5) a. Harry, Ronald, and Hermione, who are partnership creditors, shall be paid
first P100,000.00, P200,000.00, and P50,000.00 respectively, for a total sum of
P350,000.00 leaving a balance of P650,000.00. Louie, also a creditor, shall be
paid P50,000.00. This leaves a balance of P600,000.00.
The contributions of Huey, Duey, and Louie to the partnership capital shall be
returned to them in the total sum of P100,000.00, leaving a balance of
P500,000.00, which shall be divided among Huey, Duey, and Louie. Since there is
no agreement as to how the profits should be divided, the profits will be divided
in proportion to their capital contributions. Thus, Huey will be entitled to 2/10 or
P100,000.00, Duey will be entitled to 3/10 or P150,000.00, and Louie will be
entitled to 5/10 or P250,000.00.
b) The partnership assets shall be exhausted to satisfy the liabilities. The assets
of P1,000,000.00 shall be used to pay the liabilities, leaving an unpaid balance of
P500,000.00. The partners shall then contribute to the loss in proportion to their
capital contribution if there is no agreement on how the loss should be divided
among the partners. Consequently, Huey will be liable out of his separate
property in the amount of P100,000.00, Duey, P150,000.00, and Louie,
P250,000.00. Since Louie is already dead, his estate is still liable for the
contributions needed to pay off the partnership obligations.

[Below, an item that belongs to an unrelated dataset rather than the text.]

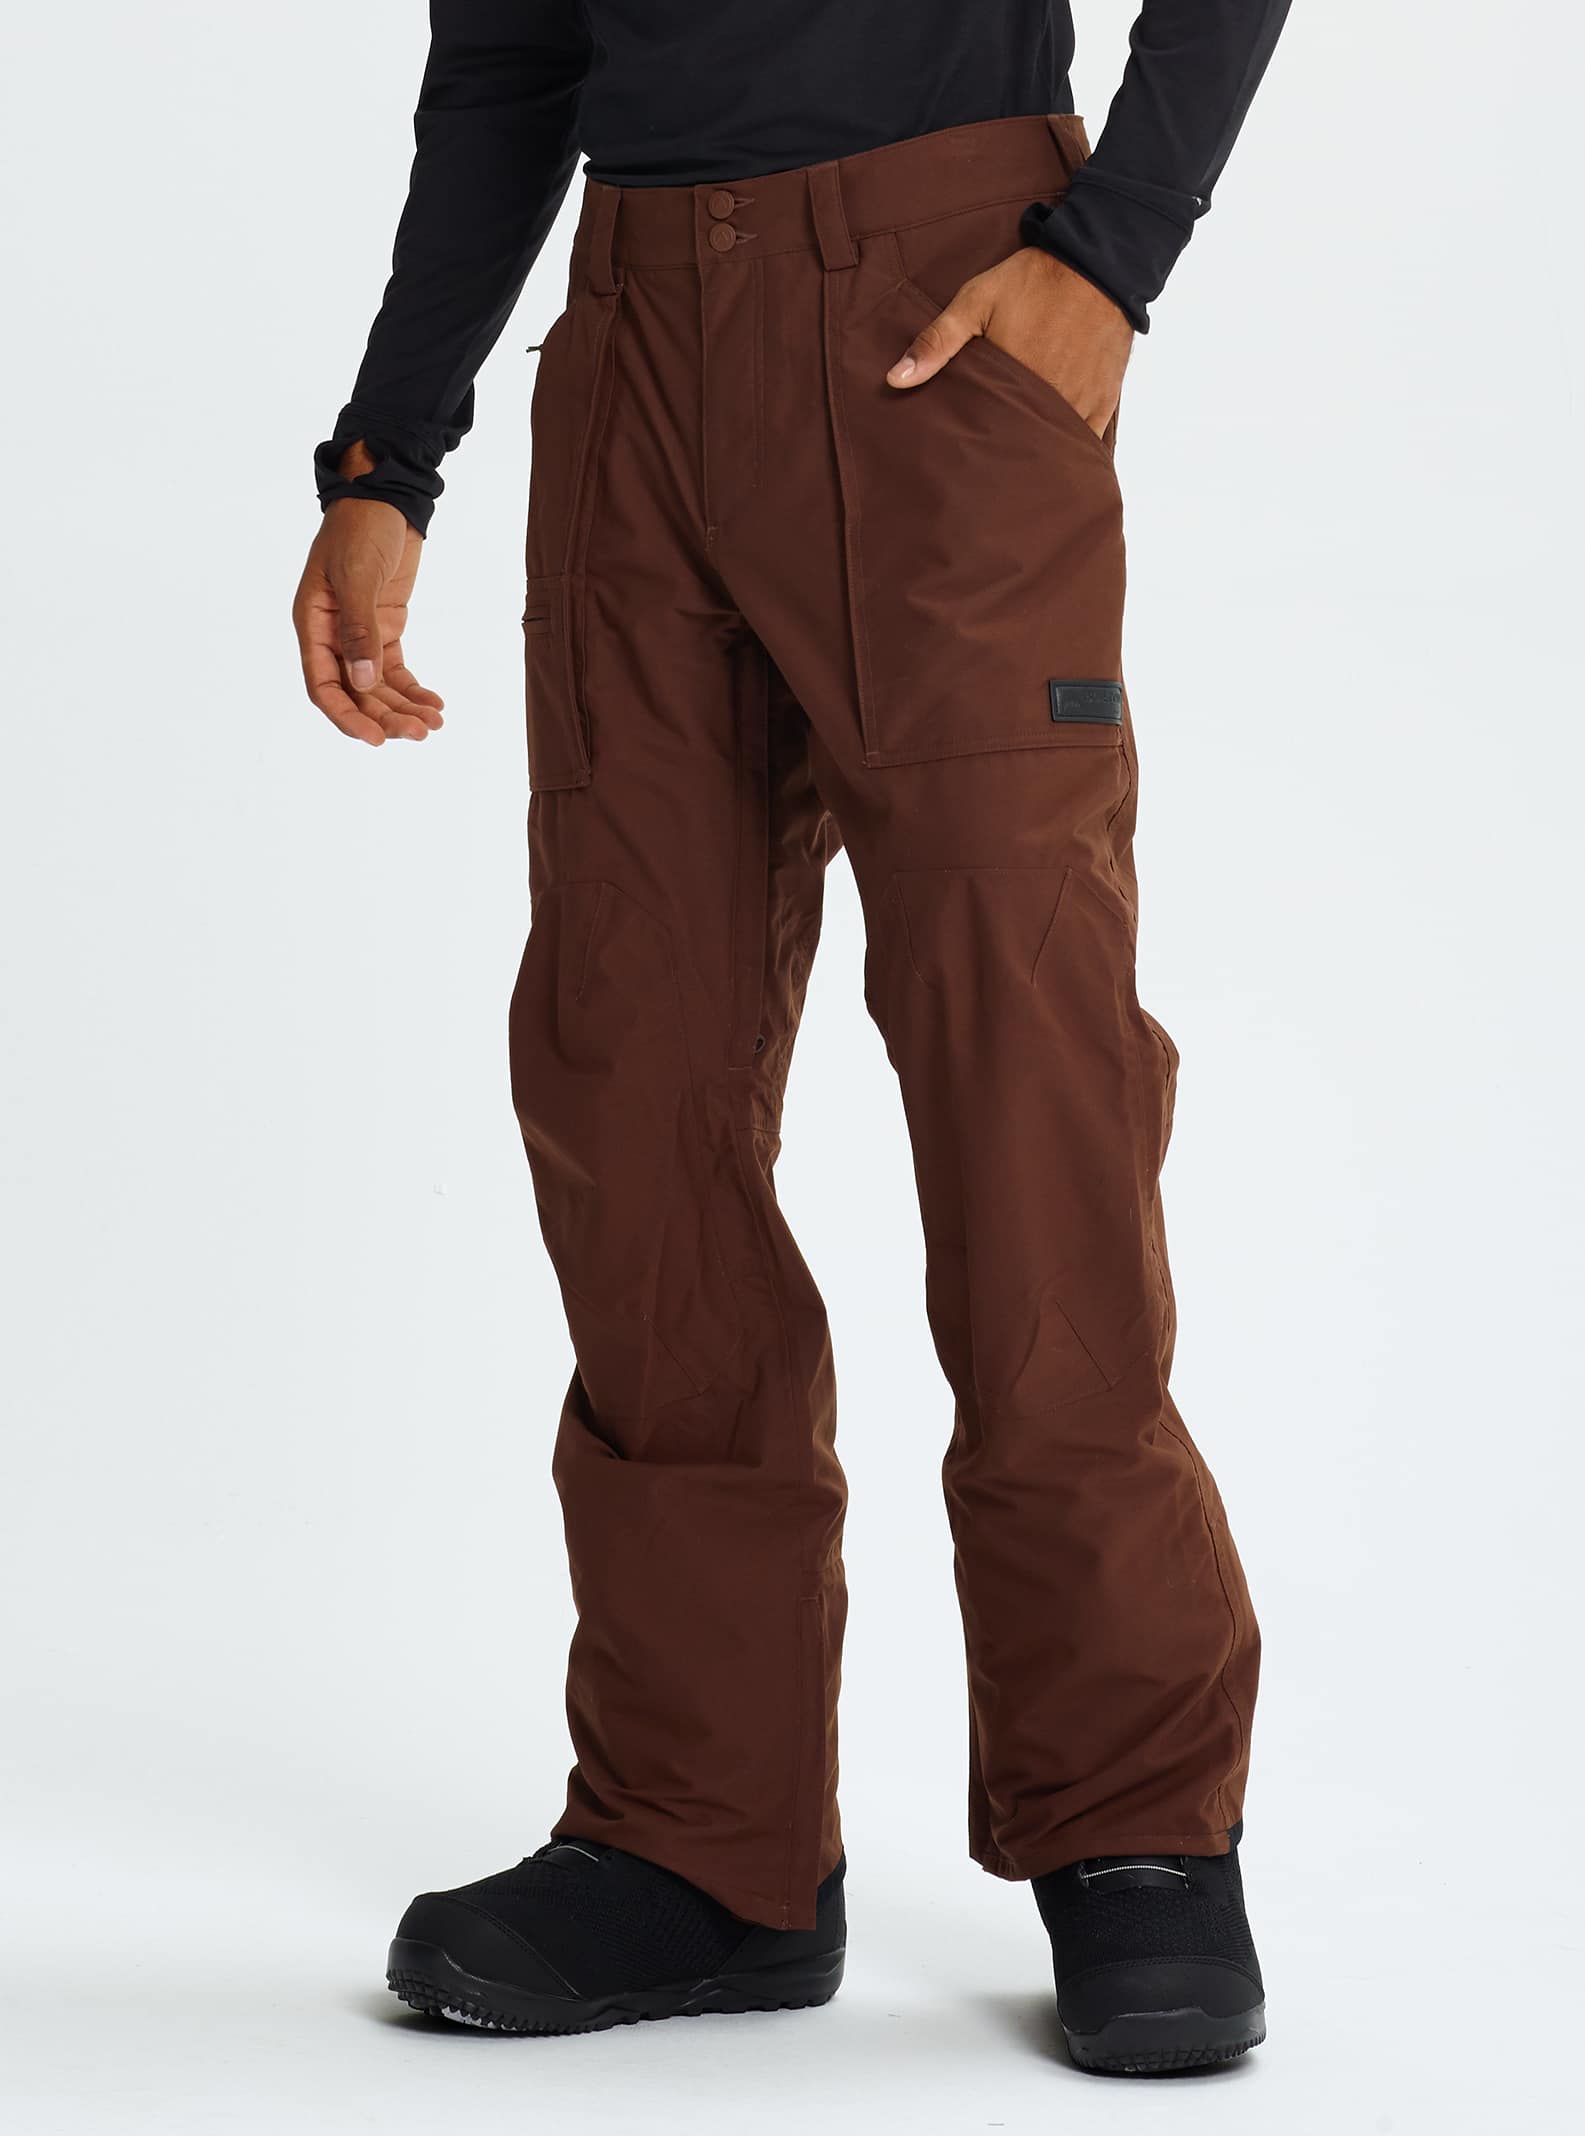 Men's Burton Southside Pant - Regular Fit | Burton.com Winter 2019 US

6. a) The general rule under the New Civil Code states that a person who has
contributed capital to a partnership erroneously believing that he has become a
limited partner is not personally liable as a general partner by reason of his
exercise of a limited partner. However, he must promptly renounce his interest in
the profits of the business or other compensation by way of income, have his
name removed from the firm name, and not participate in the management of
the business. The partnership must comply with the requirements of the
formation of a limited partnership and register the firm with the Securities and
Exchange Commission. If they fail to register with the SEC, the partnership will
be considered as a general partnership.
b) No, Mr. Johnson cannot be exempt from liability against Bankwise. Mr. Johnson
is estopped from denying that he is a general partner to third persons because
his name appears on the firm name. He shall become liable for the debt of P3M
from Bankwise together with the other general partners. However, he may seek
reimbursement from Maria and Pedro because to their agreement, he is a limited
partner.
c) No, Dawn may not be bound by the said provision and join as a general
partner. Under the law, the limited partner may have the right to substitute an
assignee in his place. Consequently, the assignees would ordinarily become
limited partners since this is the kind of partners they are substituting. Also,
being admitted to the partnership after its formation, heirs and assignees cannot

be compelled to assume personal and unlimited responsibility for the obligations


of the firm.
d) Dawn can be both a general and limited partner by filing an amendment to
the original certificate. This certificate should state the names of the general
partners as well as the limited partners, adding thereto the word Limited
among other requirements enumerated under Article 1844. This certificate
should be sworn to and filed with the Securities and Exchange Commission.